(Source data Opens)

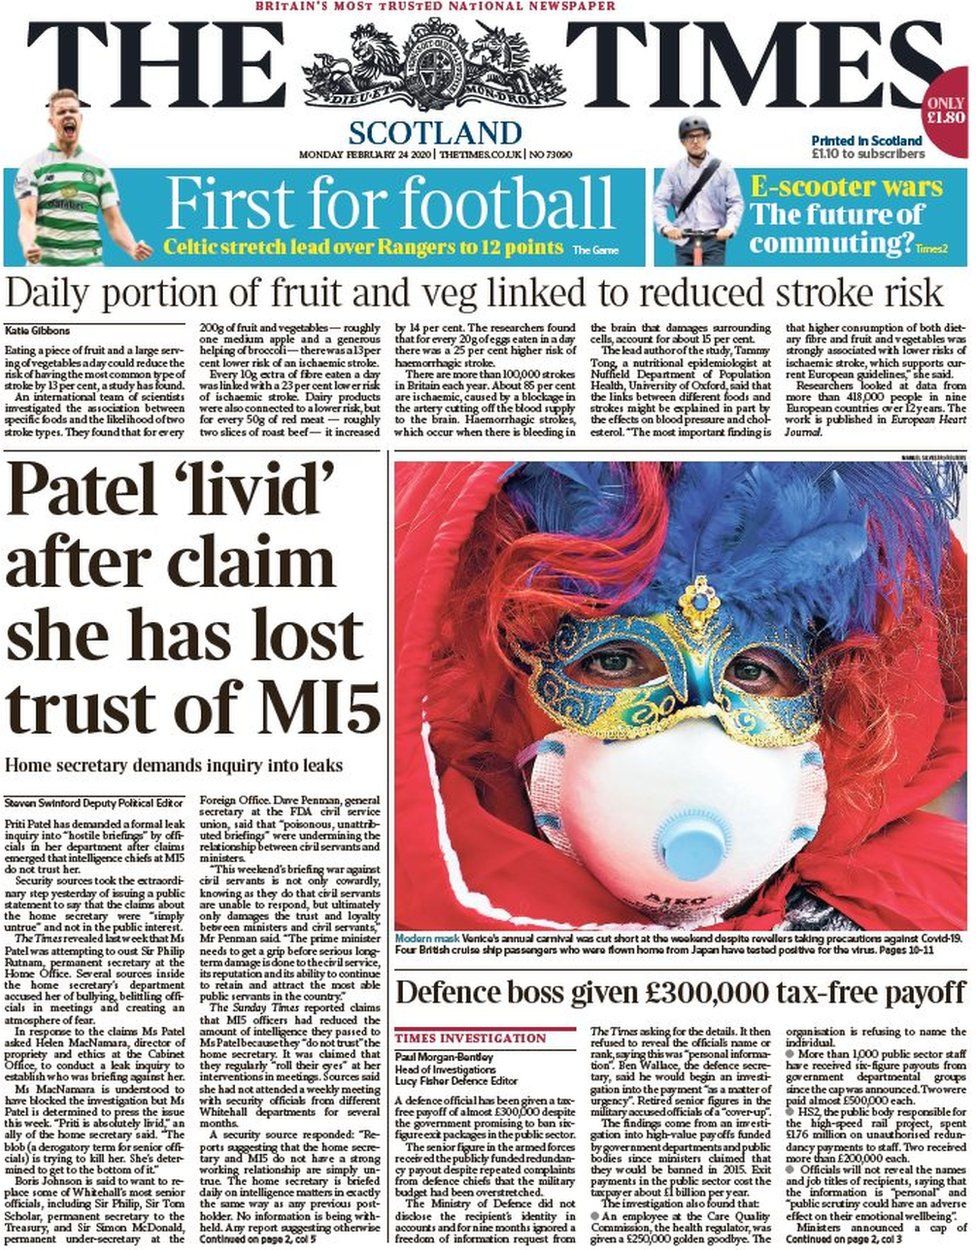 Times front page
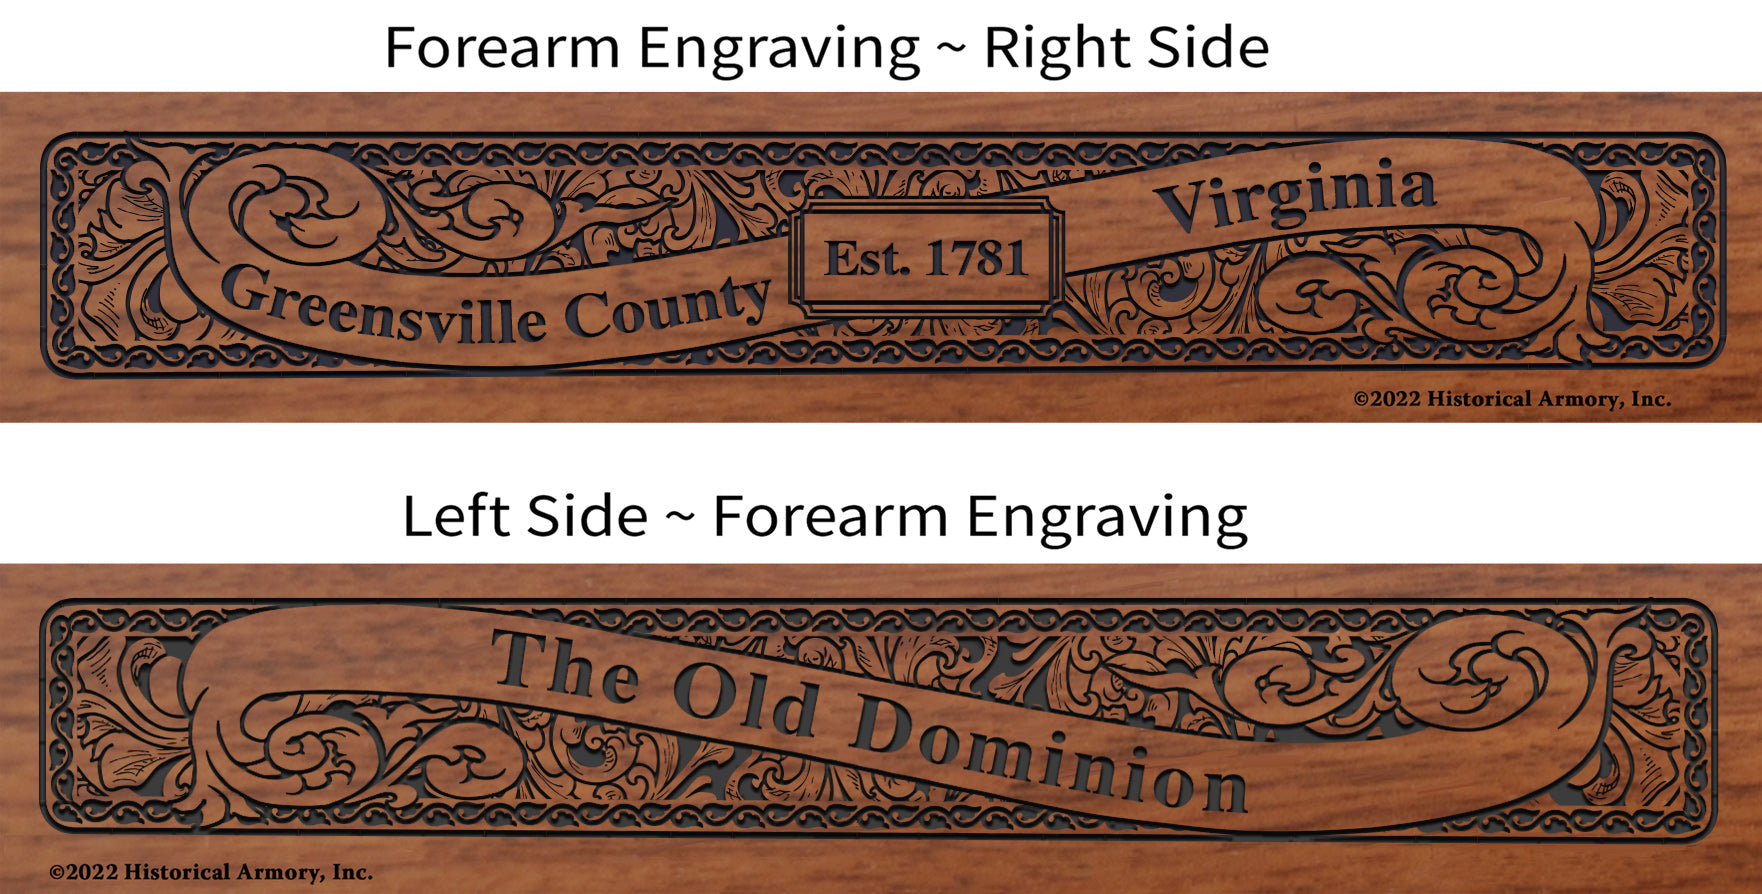 Greensville County Virginia Engraved Rifle Forearm
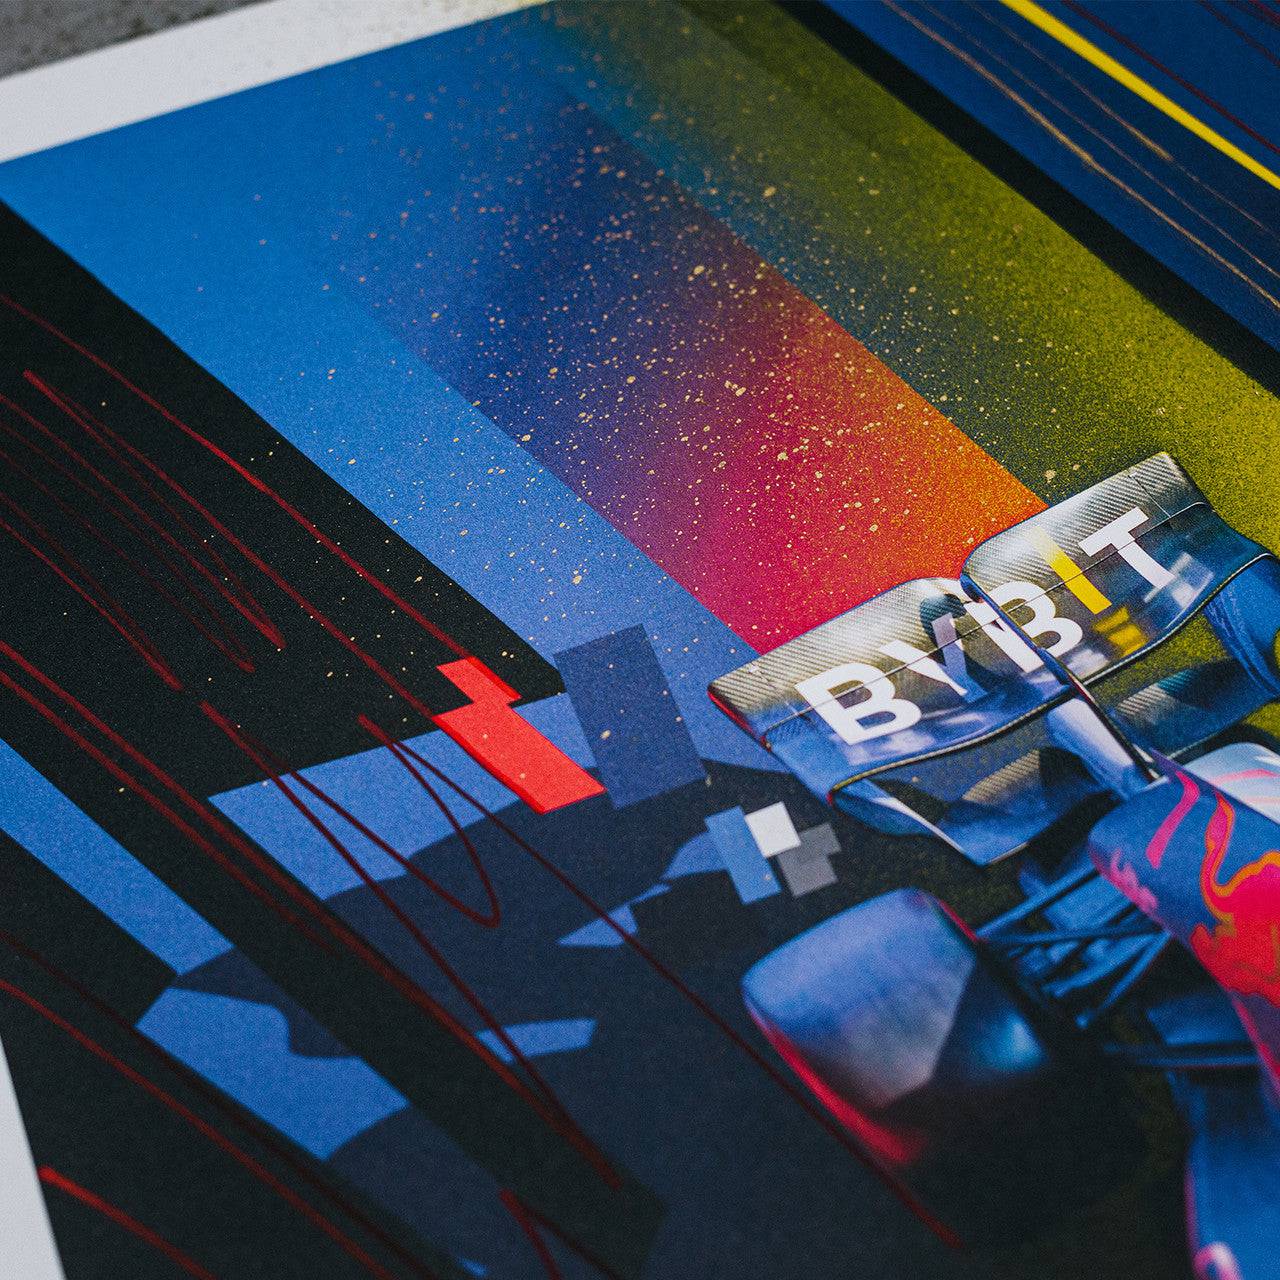 Oracle Red Bull Racing - Max Verstappen - Art to the Max - 2022 | Art Edition | #05/25

(Source data Closes)

- _Your instructions_:
Could you transcribe all of the data exactly, keeping every picture out of the copy?

- _Result of the exercise_:
 Times front page
 Greensville County Virginia Engraved Rifle Forearm
 Oracle Red Bull Racing - Max Verstappen - Art to the Max - 2022 | Art Edition | #05/25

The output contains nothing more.